What you will do – The pictures stay out; all of the data is to be printed exactly.

Available data –
• • • • •

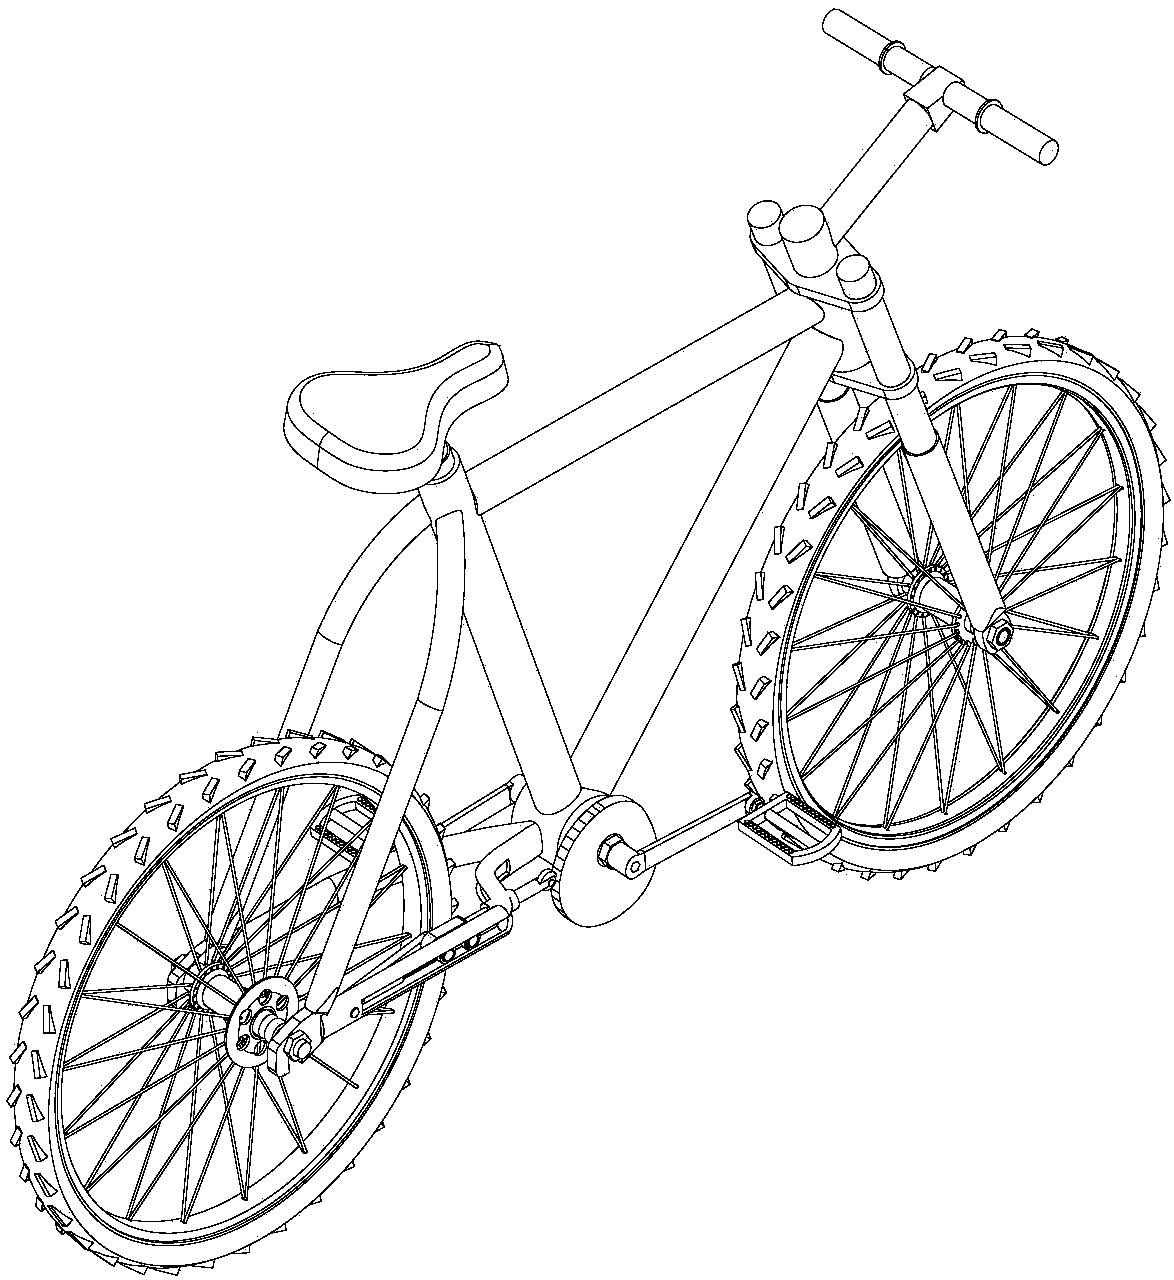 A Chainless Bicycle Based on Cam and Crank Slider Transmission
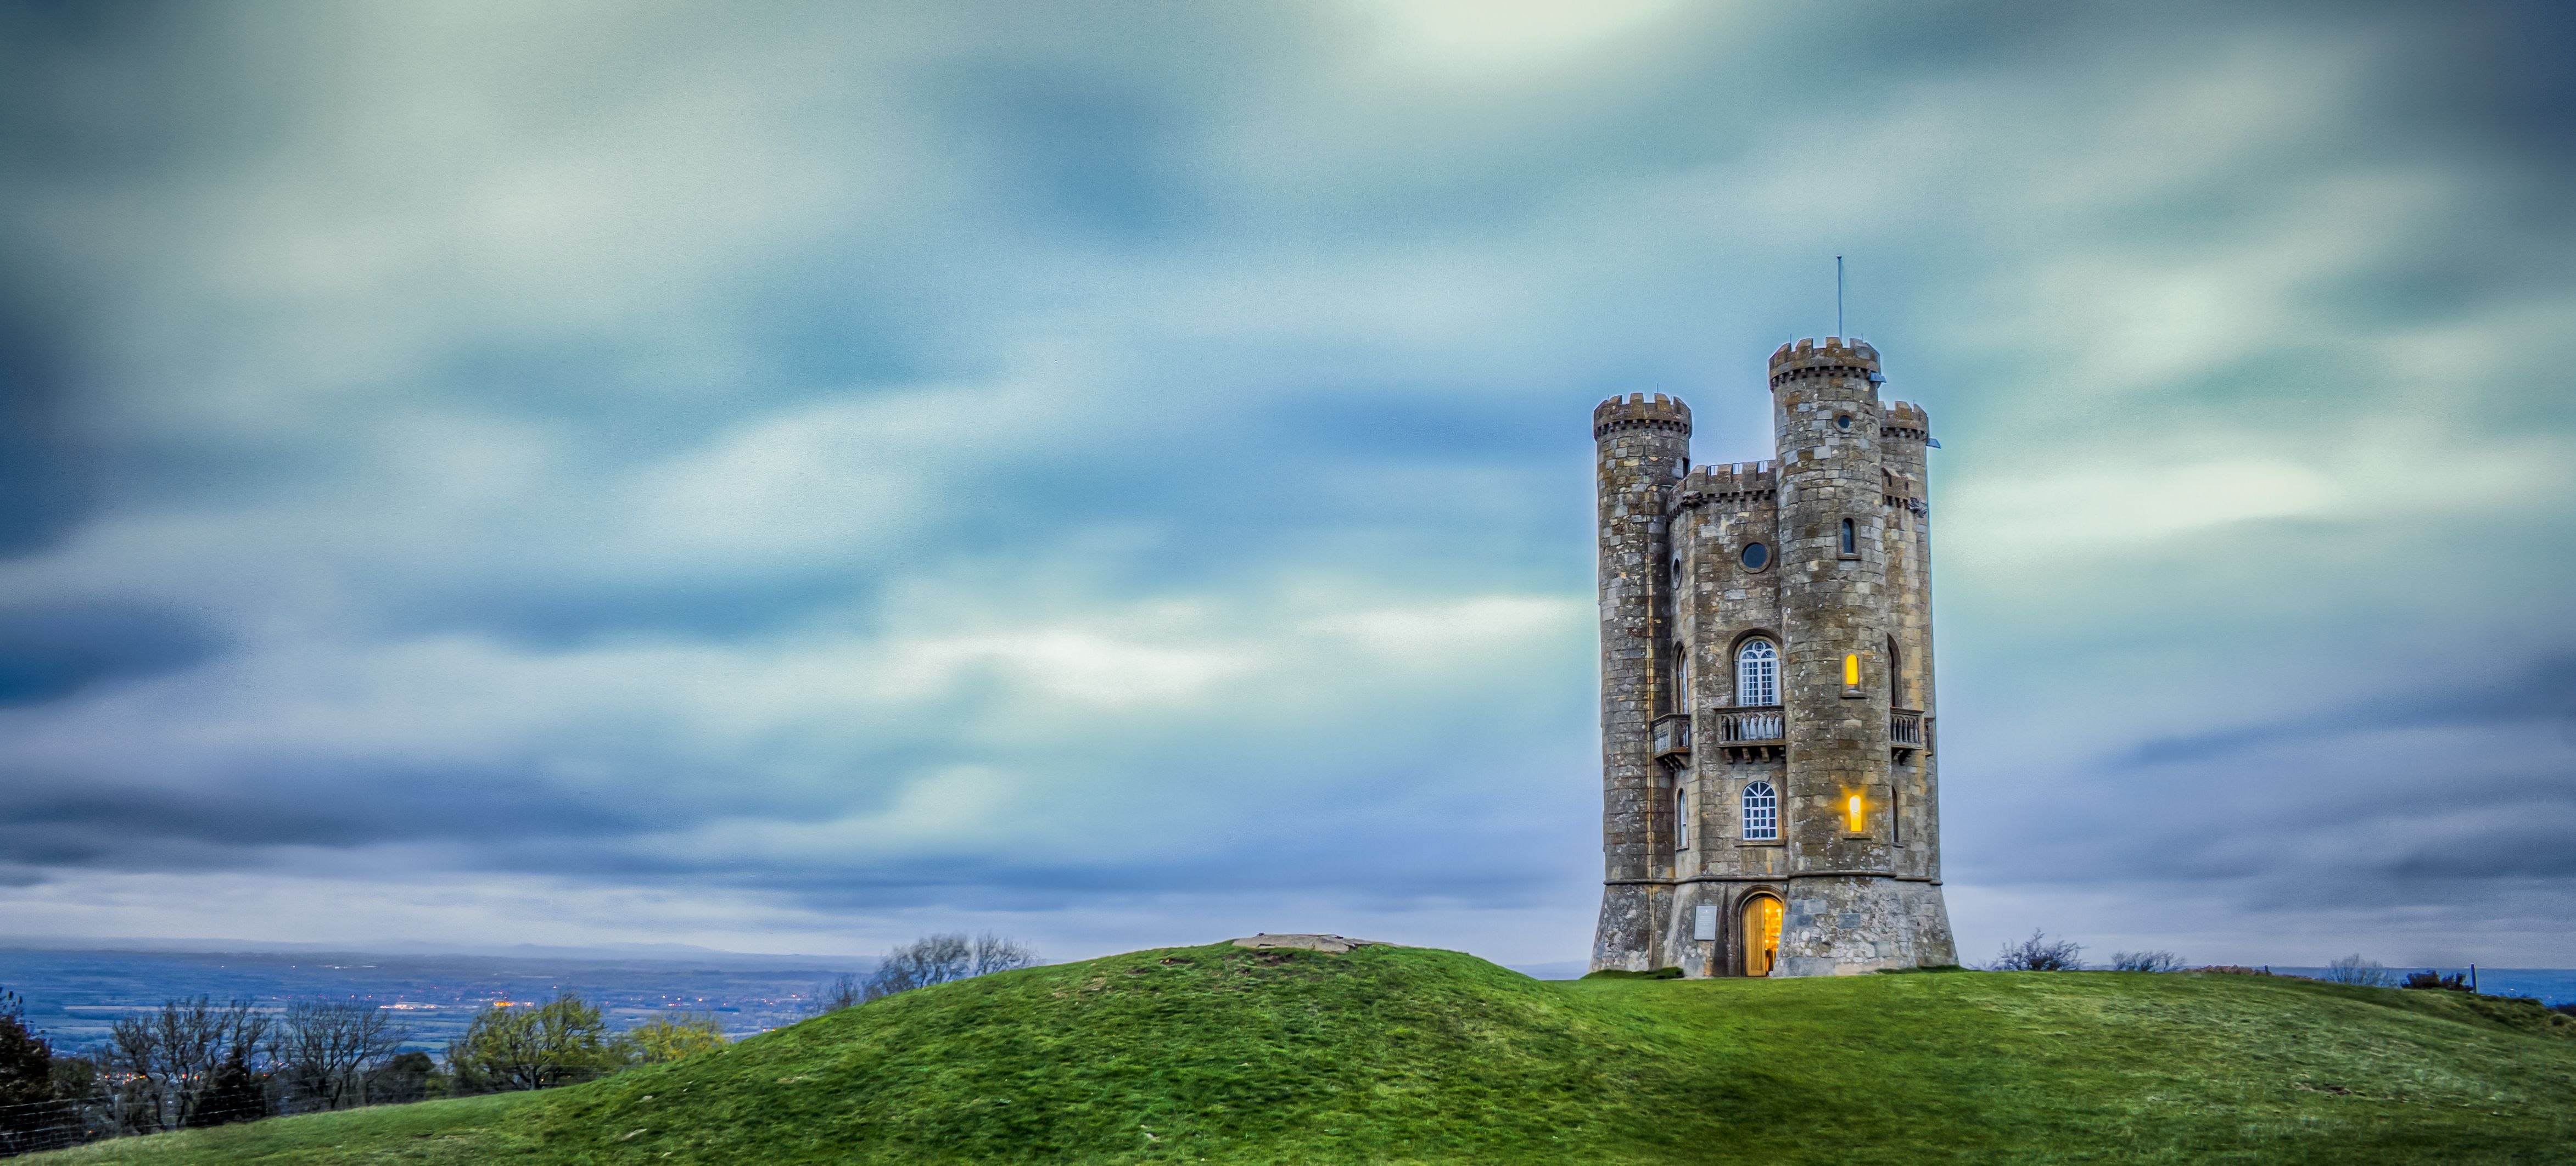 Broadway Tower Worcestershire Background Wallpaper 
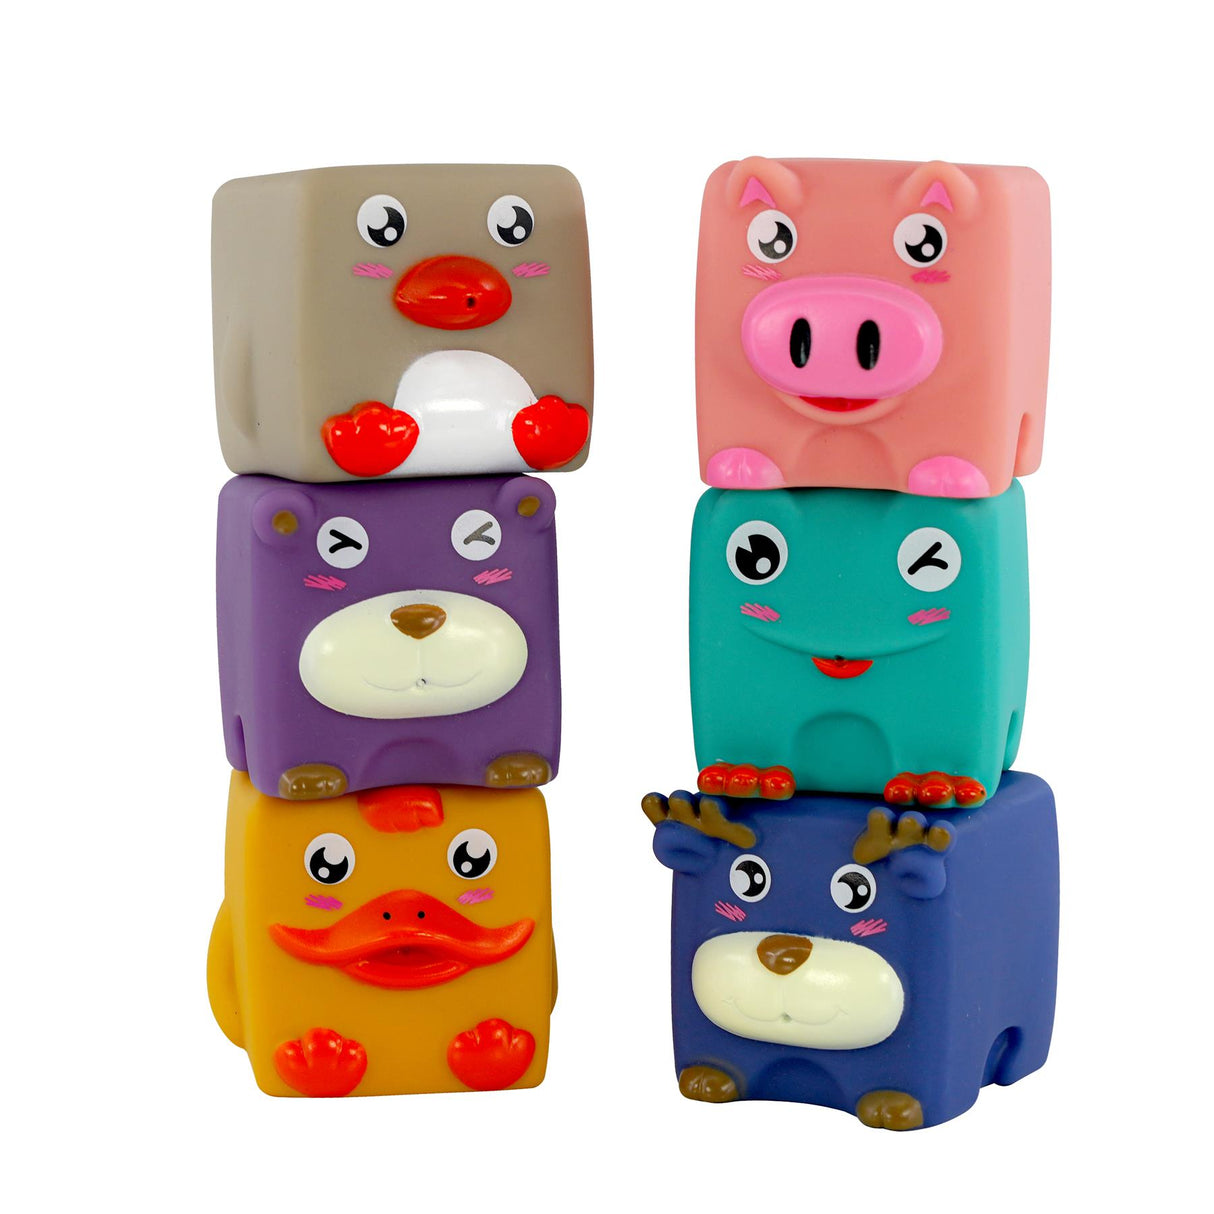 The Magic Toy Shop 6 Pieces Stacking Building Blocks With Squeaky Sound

• • • • •

Task result –
 A Chainless Bicycle Based on Cam and Crank Slider Transmission
 Broadway Tower Worcestershire Background Wallpaper 
 The Magic Toy Shop 6 Pieces Stacking Building Blocks With Squeaky Sound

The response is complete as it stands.